Sudarshan Jain, Secretary General, Indian Pharmaceutical Alliance
“Indian pharmaceutical industry has been instrumental in shaping global health outcomes by providing affordable, quality medicines. The industry is now at a pivotal moment, with an aspiration to grow to USD 120 billion by 2030. The policy direction should leverage the industry’s knowledge-driven foundation and the status as a global manufacturing hub. The thrust should be on Quality and Innovation. Given the high risk, lengthy development periods, and low success rates in research, continuous investment is crucial. The 2024-25 budget should introduce policies that provide direct and indirect tax benefits to encourage research and investment in becoming global benchmark in quality.”

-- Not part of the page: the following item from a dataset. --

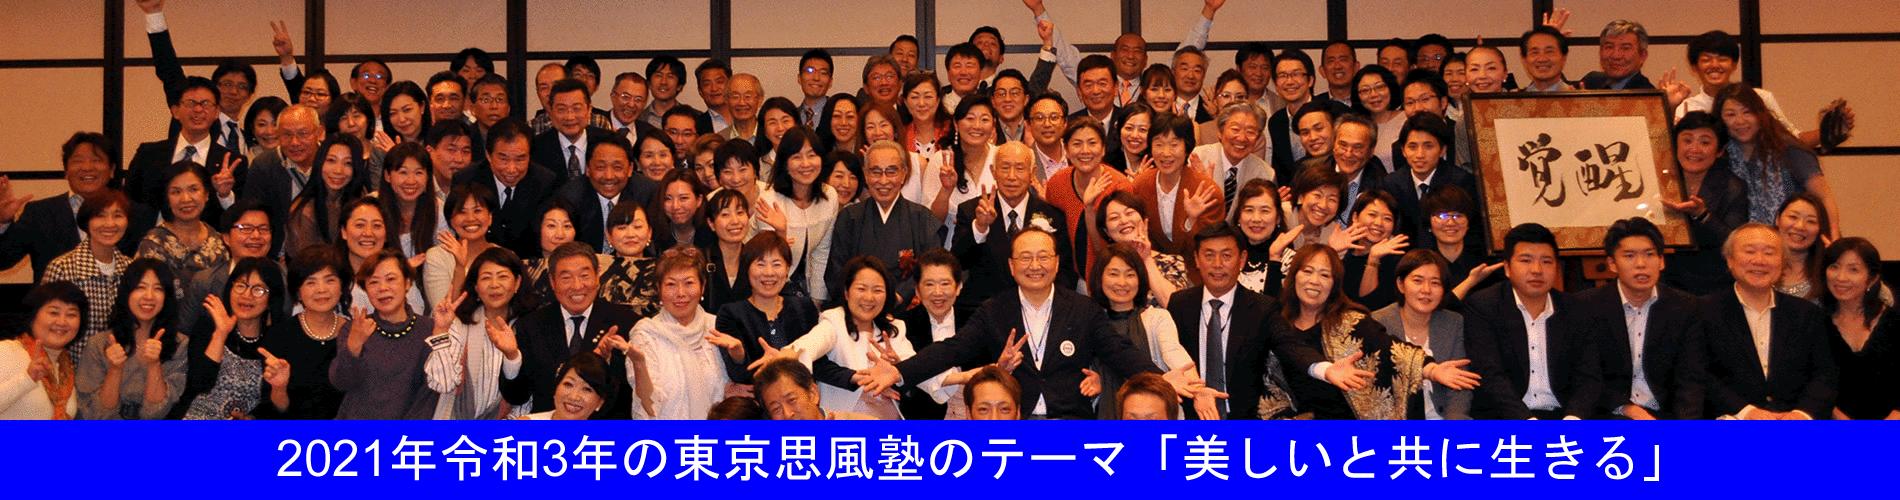 東京思風塾2020年、年間テーマ「感性論哲学〜哲学するために学ぶ」
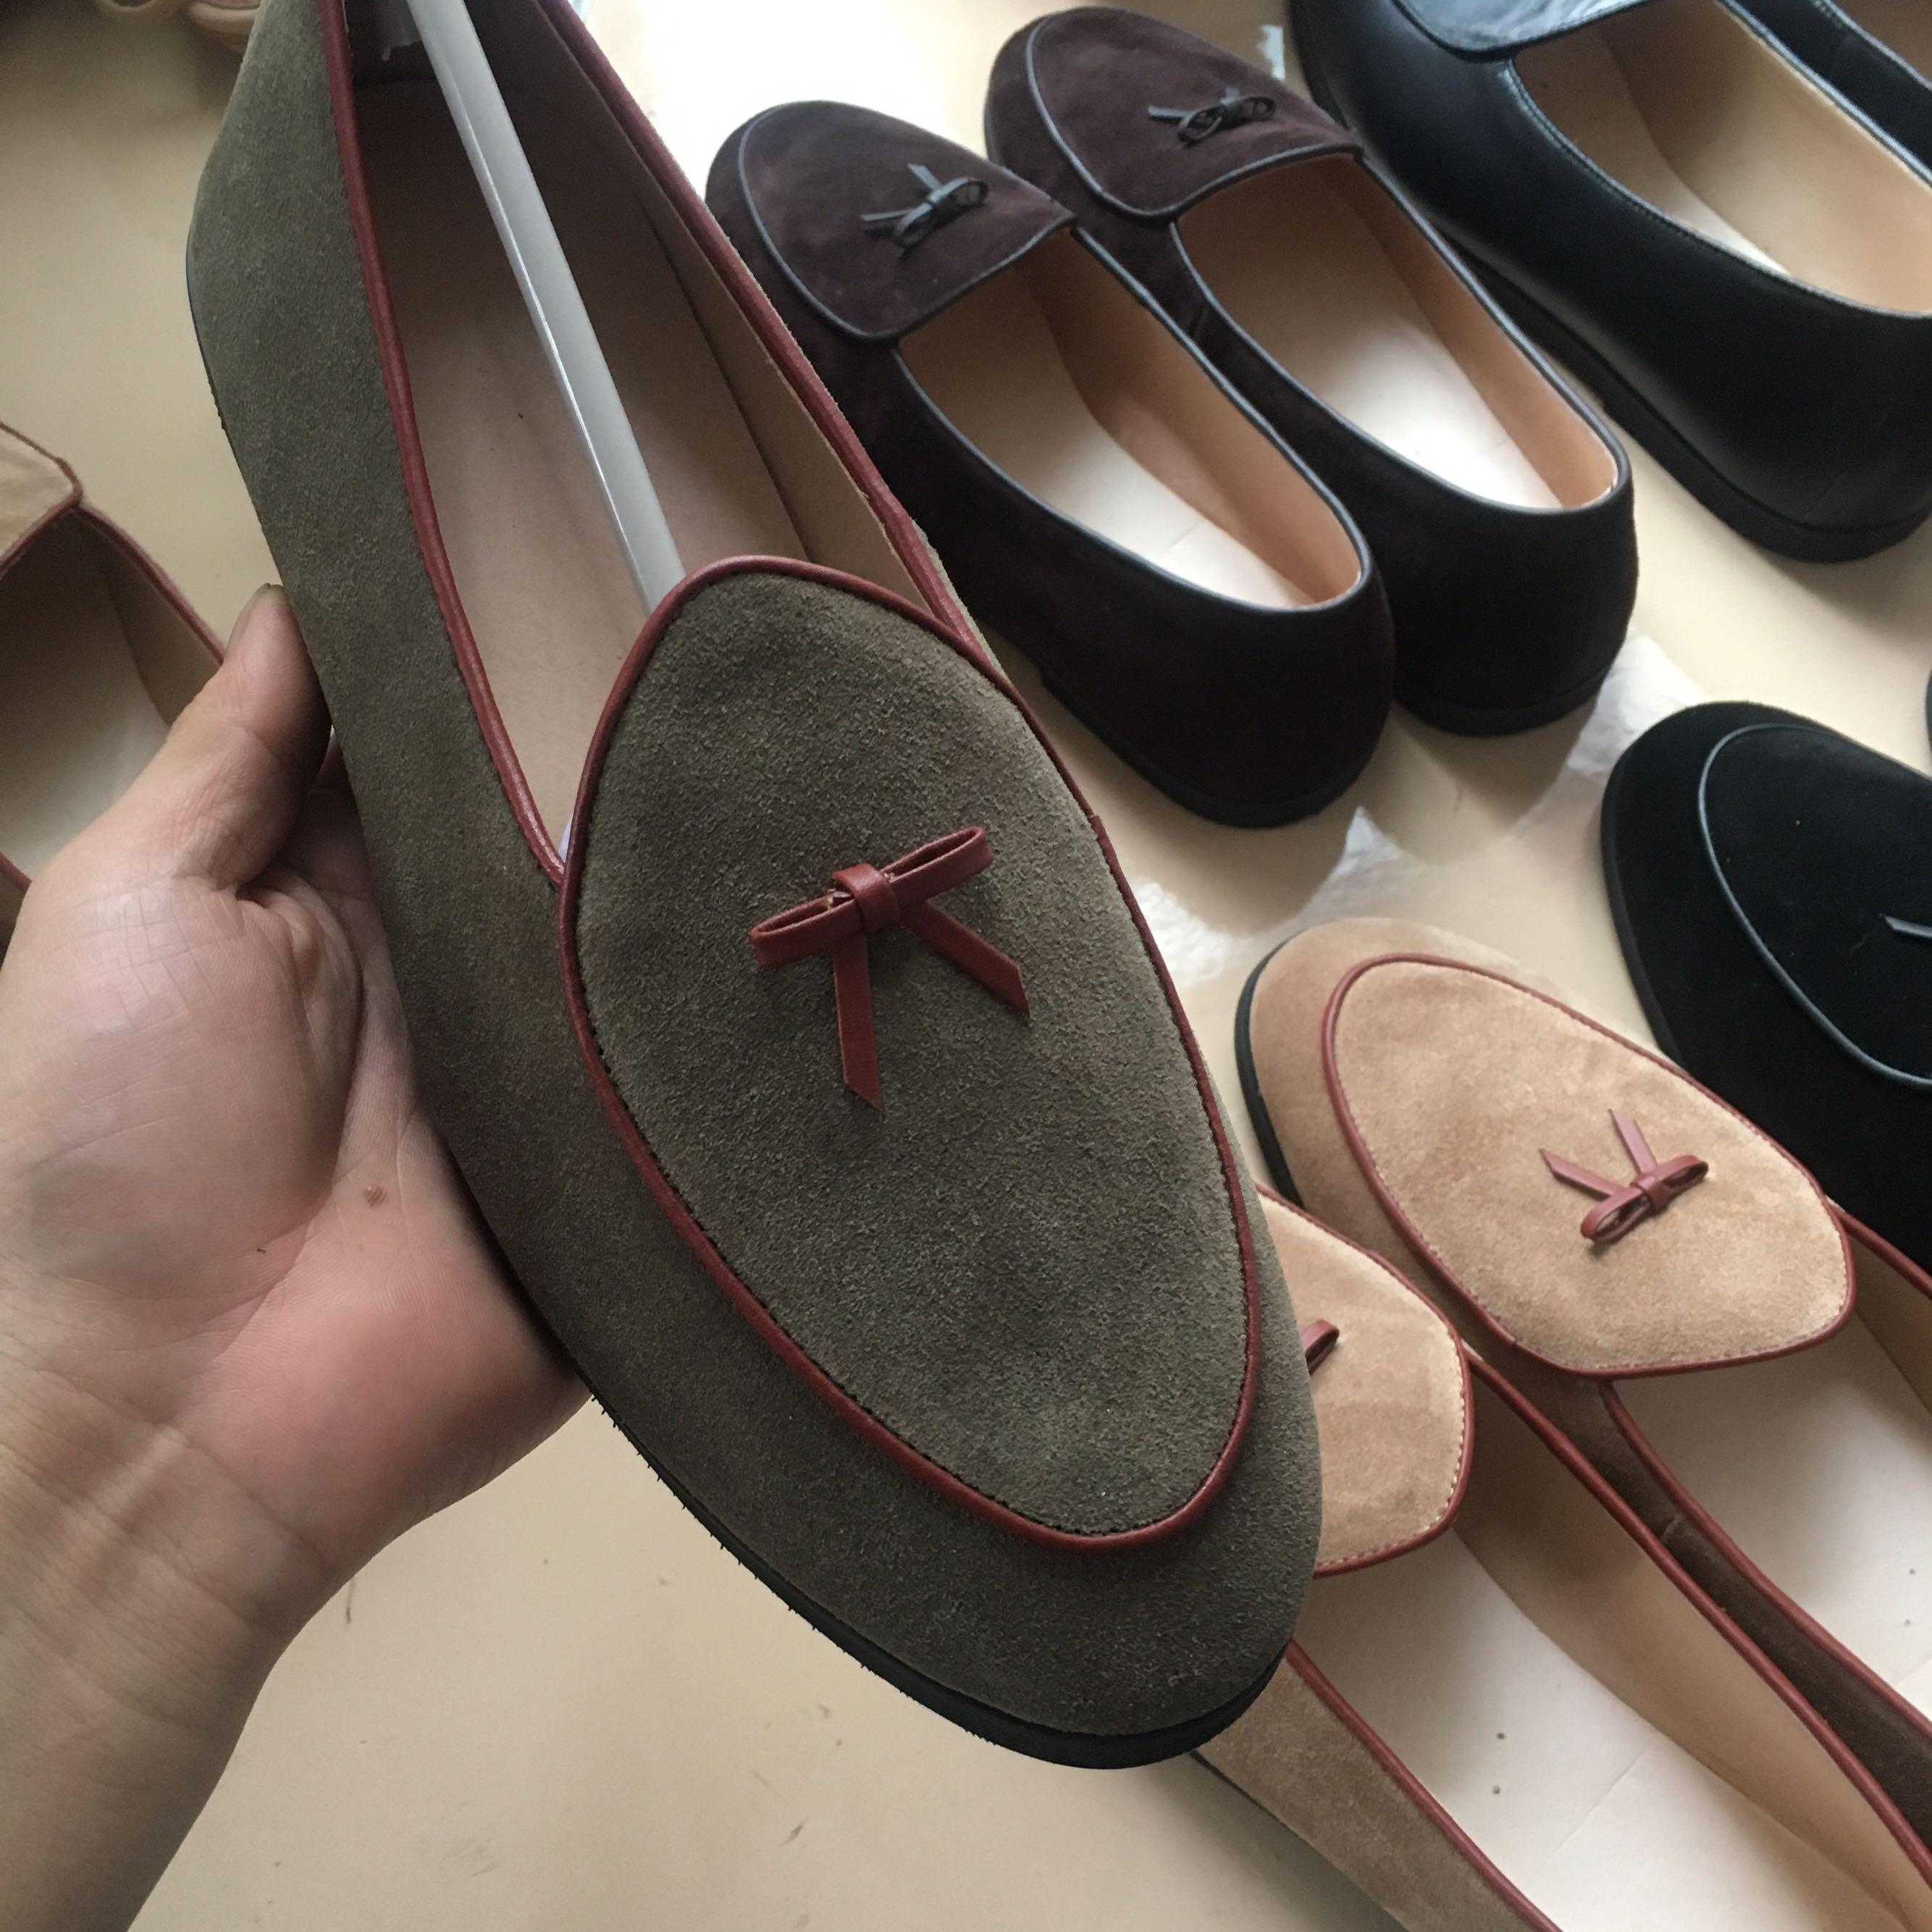 男士蝴蝶结百搭套脚反绒牛皮一脚蹬皮鞋 英伦风乐福鞋 2018 休闲鞋

Deepak Pahwa, Director, Delair
“The pharmaceutical industry is optimistic about the upcoming budget, especially following the government’s implementation of enhanced quality control measures like Good Manufacturing Practices and revised Schedule M. With the Indian pharma sector making significant strides globally, increased budget allocation can bolster our international standing. We anticipate initiatives incentivising R&D to support the local manufacturing of high-quality pharma products. Additionally, PLI schemes could greatly assist in establishing advanced manufacturing facilities and integrating cutting-edge technologies and machinery. These steps are vital for promoting innovation and sustainable growth within the industry.”
Hitesh Sharma, Partner and Life Sciences Leader – Tax, EY India
The life sciences sector in India has shown remarkable resilience and growth over the past years. As the 2024 financial budget announcement approaches, the sector anticipates further support and reforms to sustain its growth trajectory and enhance its global competitiveness. The following are the key areas where the sector is looking for budgetary interventions:
- R&D incentives: Specific investments to ensure competitiveness for new chemical entities and/ or new biological entities (NBEs) and also explore providing a 200 per cent weighted deduction for companies undertaking such R&D
- Medical devices manufacturing: To encourage innovation and investment in manufacturing, introduce a concessional tax regime and profit-linked incentives for medical device manufacturing
- Customs duty exemptions: The sector expects a continuation or expansion of exemptions on customs duty for the import of pharmaceutical goods and life-saving drugs. The rollback of the health cess on critical medical devices is also sought to alleviate the financial burden on consumers. Lowering customs duty on imported diagnostic equipment and adjusting high GST rates on lab supplies will foster R&D investments.
- Healthcare infrastructure: To ensure state-of-the-art infrastructure, introduce PLI for investment in healthcare infrastructure. The government should also aim to ensure the allocation of appropriate funds to this area. Addressing the shortage of healthcare workers through better training and working conditions is also essential.
- Interactions with healthcare professionals (‘HCPs’): There are several regulations which mention interactions of companies with HCPs. Relevant clarifications should ideally be brought to provide a standard policy which can be common practice across the industry and easy to adhere to and monitor.
The life sciences sector remains optimistic that the upcoming budget will address these expectations, further strengthening India’s position as a research and innovation hub and supporting the ‘Atmanirbhar Bharat’ vision, thereby enabling it to touch $ 130 billion in value by the end of 2030 and $ 450 billion market by 2047.